Text	Syllables per foot	Rhyme
The ra\|ven croaked \| as she sate \| at her meal,	2 2 3 3	a
And the Old \| Woman knew \| what he said;	3 3 3	b
And she \| grew pale \| at the Ra\|ven’s tale,	2 2 3 2	c
And sick\|ened, and went \| to her bed.	2 3 3	b

And here is Žukovskij’s translation:

Table II

Text	Syllables per foot	Rhyme
На кро\|вле во\|рон ди\|ко про\|кричал —	2 2 2 2 2	a
Стару\|шка слы\|шит и \| бледнеет.	2 2 2 2+	B
Понят\|но ей, \| что во\|рон тот \| сказал:	2 2 2 2 2	a
Слегла \| в постель, \| дрожит, \| хладеет.	2 2 2 2+	B

The numbers in the second column record the number of syllables per foot; note that Southey’s vary between 2 and 3, while Žukovskij’s are consistently 2 (the plus sign means that there is a hypermetrical unstressed syllable at the end of the last foot of the line). The letters in the third column record the rhyme scheme; note that Southey rhymes only the even-numbered lines, while Žukovskij more densely rhymes both the odd-numbered and the even-numbered lines. This example is typical of the stronger formal regularity in Russian verse with respect to both meter and rhyme than in contemporaneous English verse, and it illustrates why our methods are effective with Russian verse but cannot be transferred and applied easily to the English tradition.

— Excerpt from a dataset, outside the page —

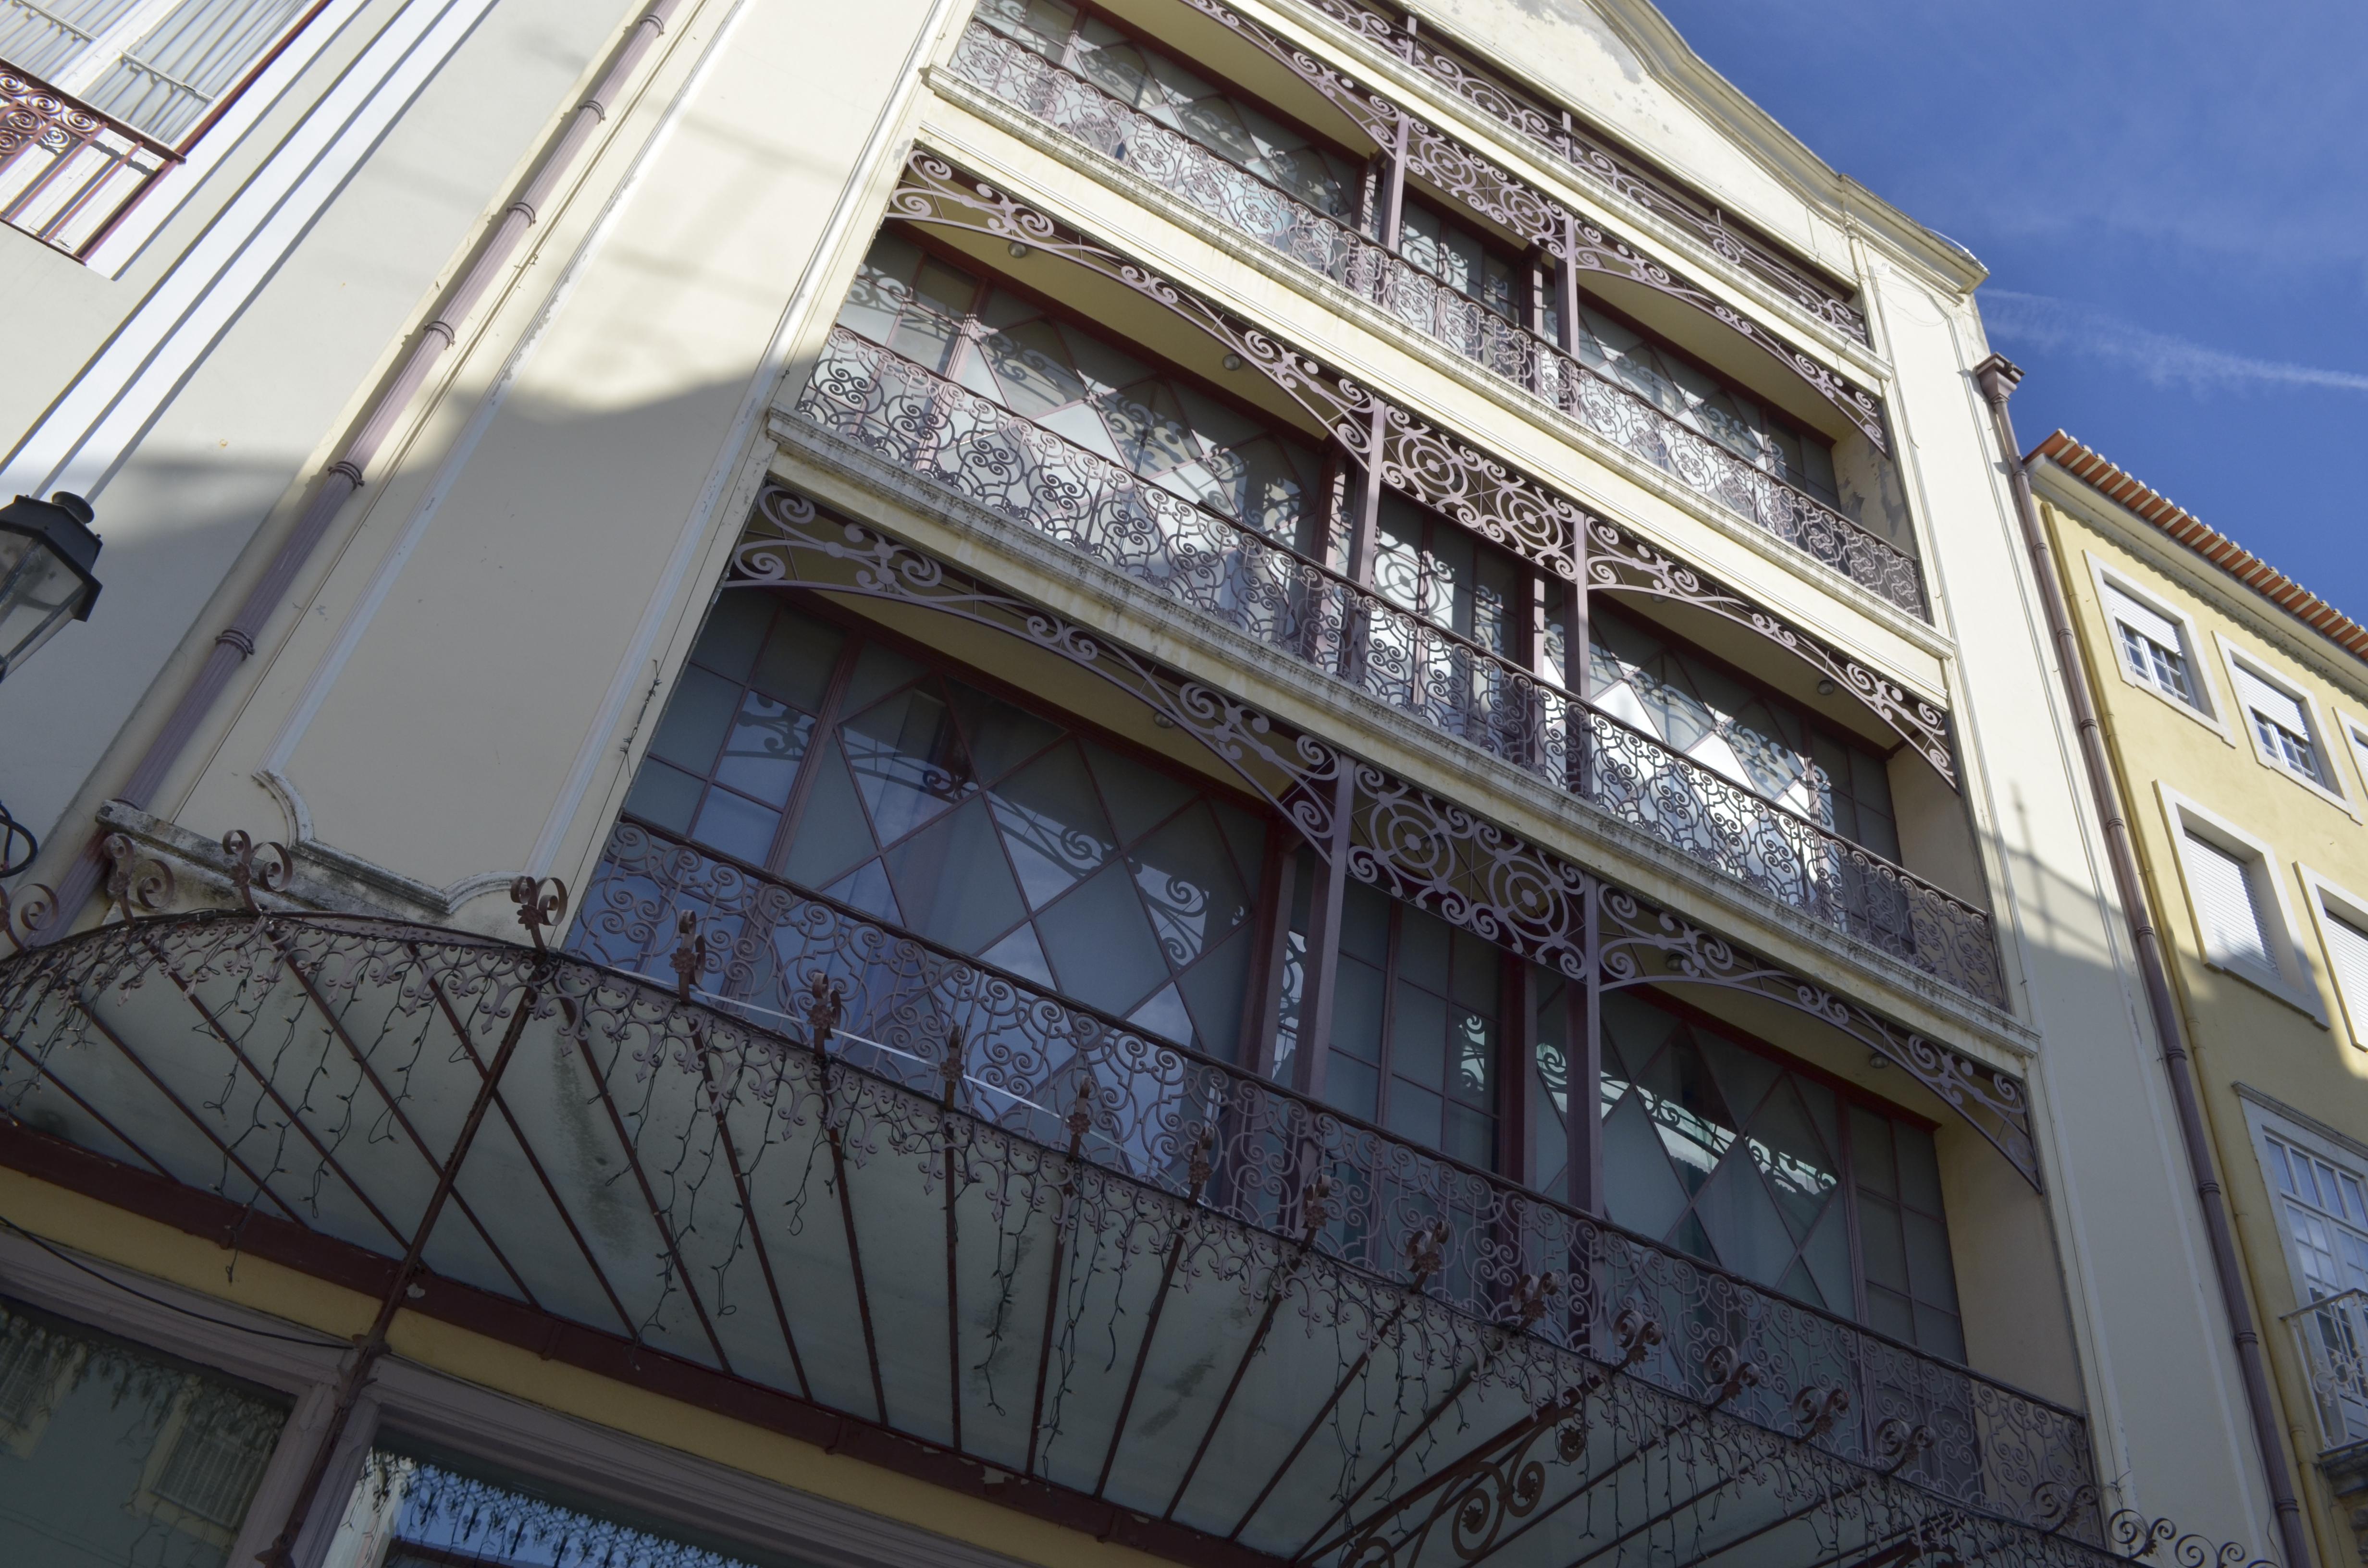 Museu Municipal de Coimbra - Edifício Chiado

We are grateful to Elisa Beshero-Bondar for bringing this example to our attention, and for her many insightful observations about Southey’s ballad practice.

^[4] Metrical variation, that is, deviation from the predominant meter, is used by poets for a variety of reasons and purposes. It preserves meter, while preventing poetry from becoming “sing-song”; it establishes associations among words and lines; it modulates the tempo; it draws attention to important moments; and it adapts international meter to local linguistic properties (e.g., stress system, word length). For example, English has a lot of monosyllables and Russian has a lot of words with three or more syllables, which means that neither language is a perfect fit for completely regular binary or ternary meter. Metrical variation allows the predominant meter to emerge clearly without undermining the pronunciation of the poetic text in ways that are generally consistent with natural speech rhythms.

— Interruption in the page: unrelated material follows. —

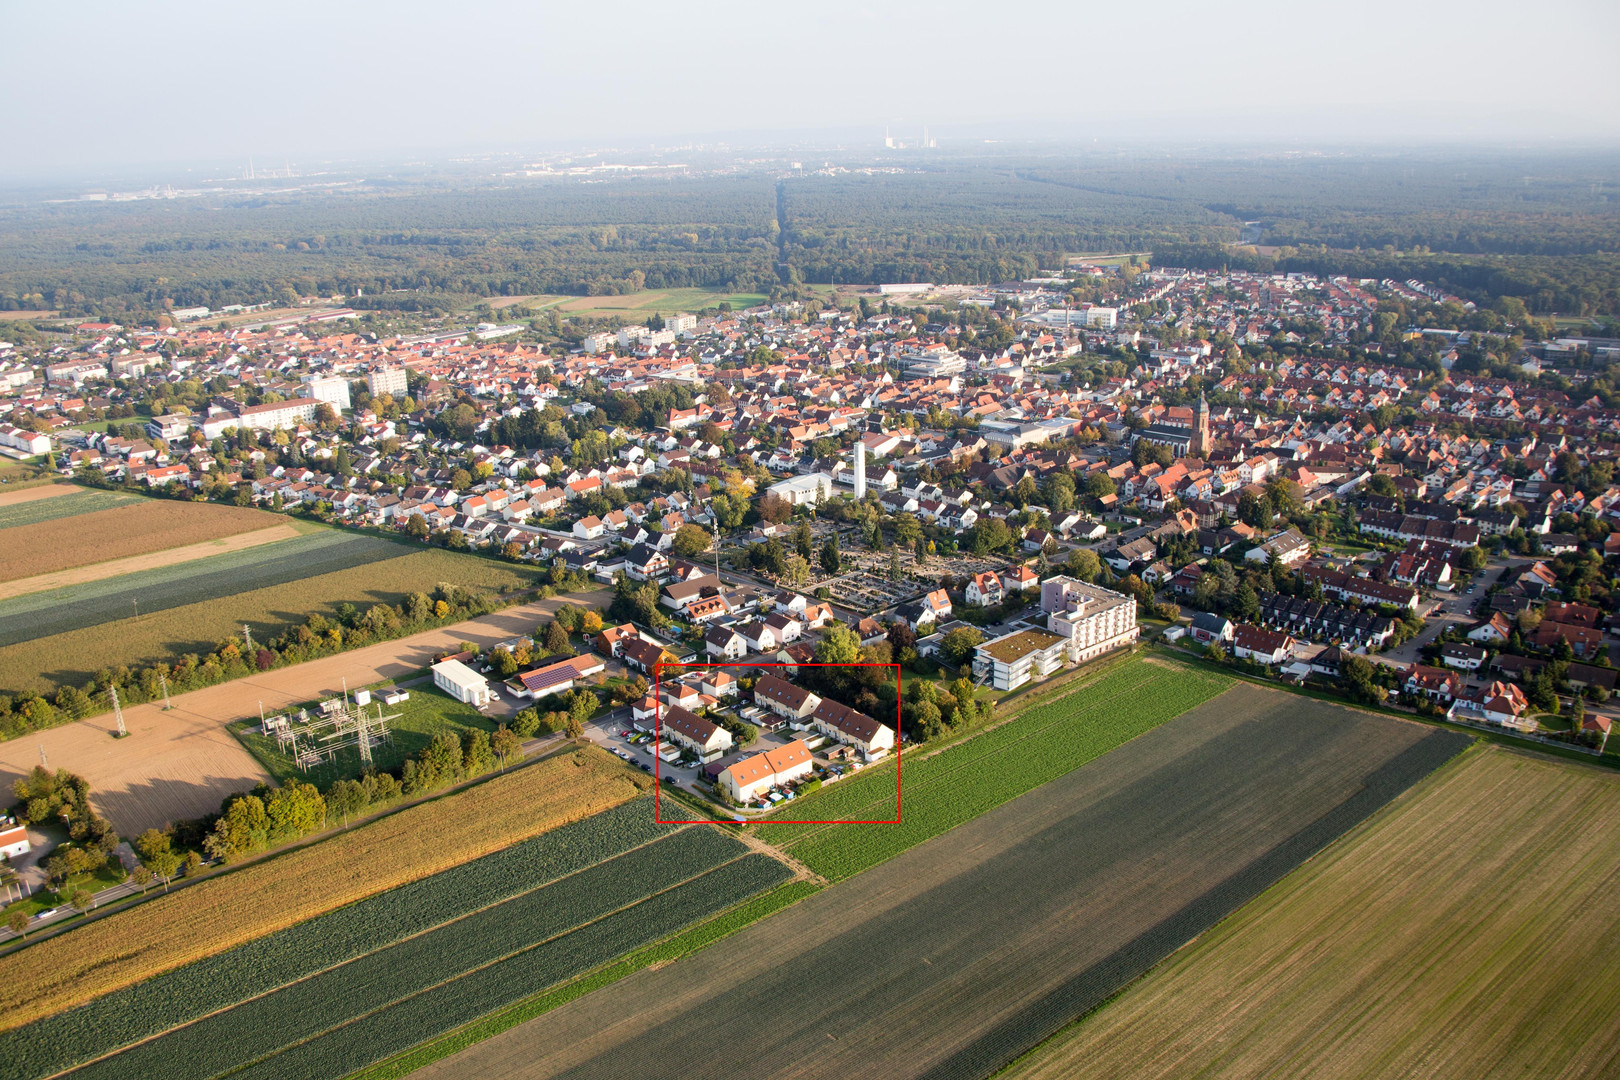 Luftbild Kropsburgstraße, Kandel

Scholars of versification sometimes refer to the syllables where we expect stress according to the ambient metrical cadence as strong (vs. weak) and to syllables that are pronunced more emphatically than their neighbors as stressed (vs. unstressed). Metrical variation means that not all strong syllables are stressed and not all weak syllables are unstressed, but linguistic stress and metrically strong position nonetheless coincide with sufficient consistency to impart a clear and regular general rhythm to the poetic text. Part of the challenge of machine-assisted metrical analysis is dealing with both this regularity and the deviations from it.

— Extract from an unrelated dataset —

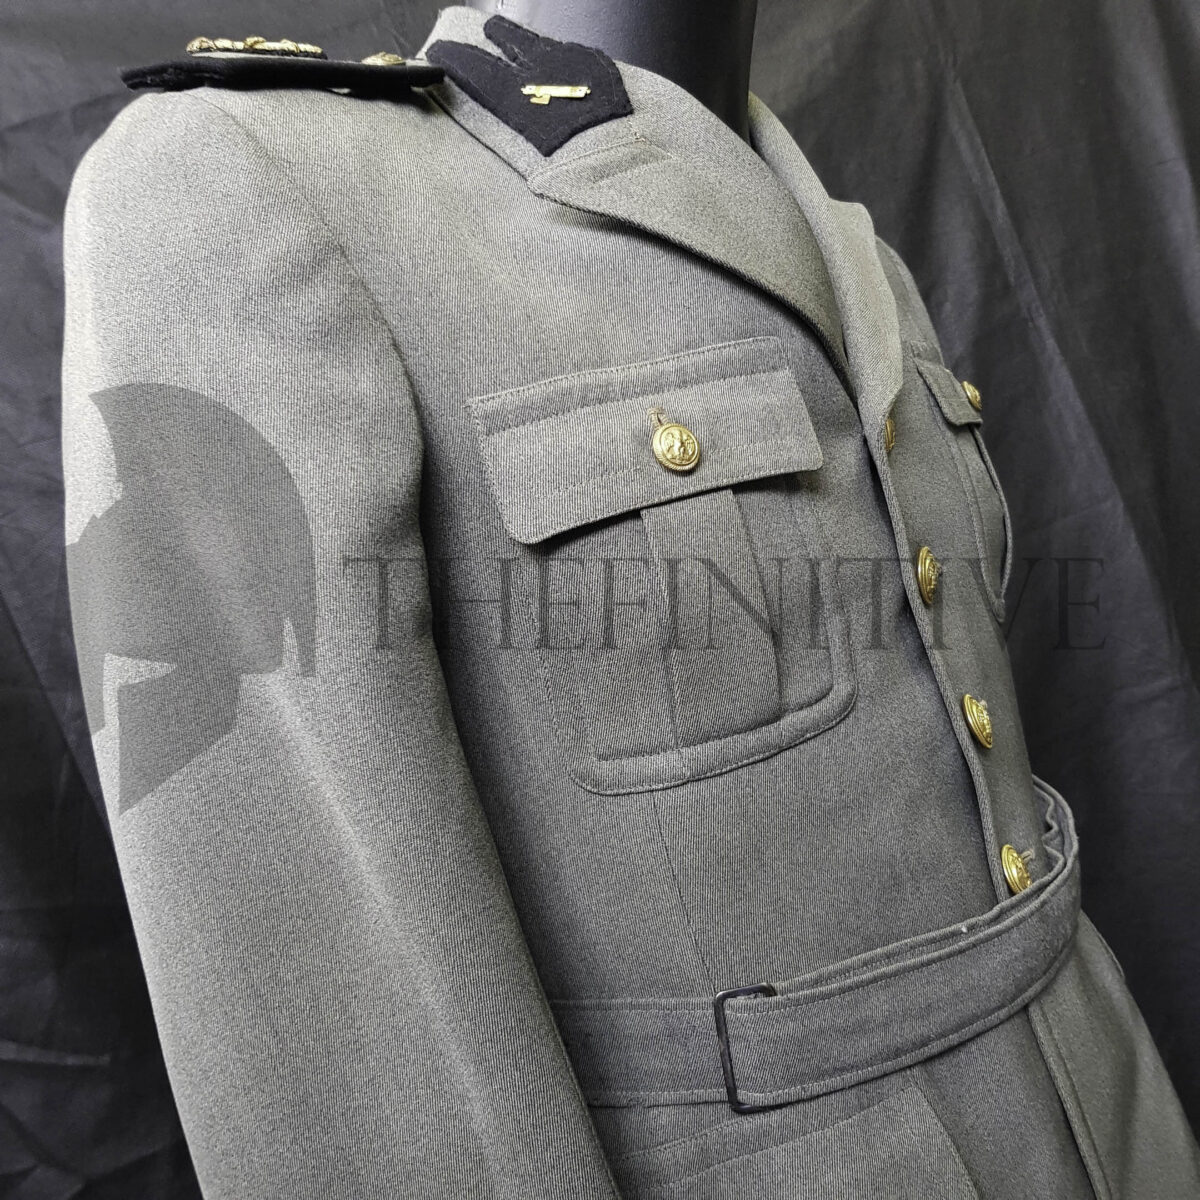 Uniforme MVSN Milizia Volontaria

Some scholars (e.g., Friedberg 2009, adopting terminology advanced in the 1970s by Morris Halle and Paul Kiparsky) employ the term meter for what we call ambient or dominant meter and rhythm for what we refer to as the actual line-level meter.

^[5] As Friedberg 2011 explains, many monosyllables in Russian, including the pronominal forms я (1sg personal pronoun, nominative case, line 2) and мне (1sg personal pronoun, dative case, line 4), are read with stress in strong metrical position and without stress in weak metrical position. The dictionary returns these as stressed (1), but we reset them (based on a lookup list of words subject to this treatment) to 0 (ambiguous stress) before calculating the metrical valence.

^[6] The probability that a metrically strong position will be occupied by a vowel that carries linguistic stress follows an alternating pattern that has comes to be known as the law of regressive accentual dissimilation. According to this principle, the penultimate strong position is the one that is most likely to be filled with an unstressed vowel, the antepenult is the one most likely to be stressed after the last, etc. For Puškin’s Prorok, the frequency with which linguistic stress actually coincides with specific syllabic positions in the line may be illustrated as follows:

This regularity of Russian verse applies throughout the history of the syllabotonic tradition, although with variation over time. It emerges naturally from the confluence of several linguistic properties of Russian, and it is not characteristic of English syllabotonic verse.

^[7] Hypermetrical caesura must be identified and handled specially.

^[8] As noted above, the pattern may be complicated by hypermetrical caesura, the identification of which requires special handling.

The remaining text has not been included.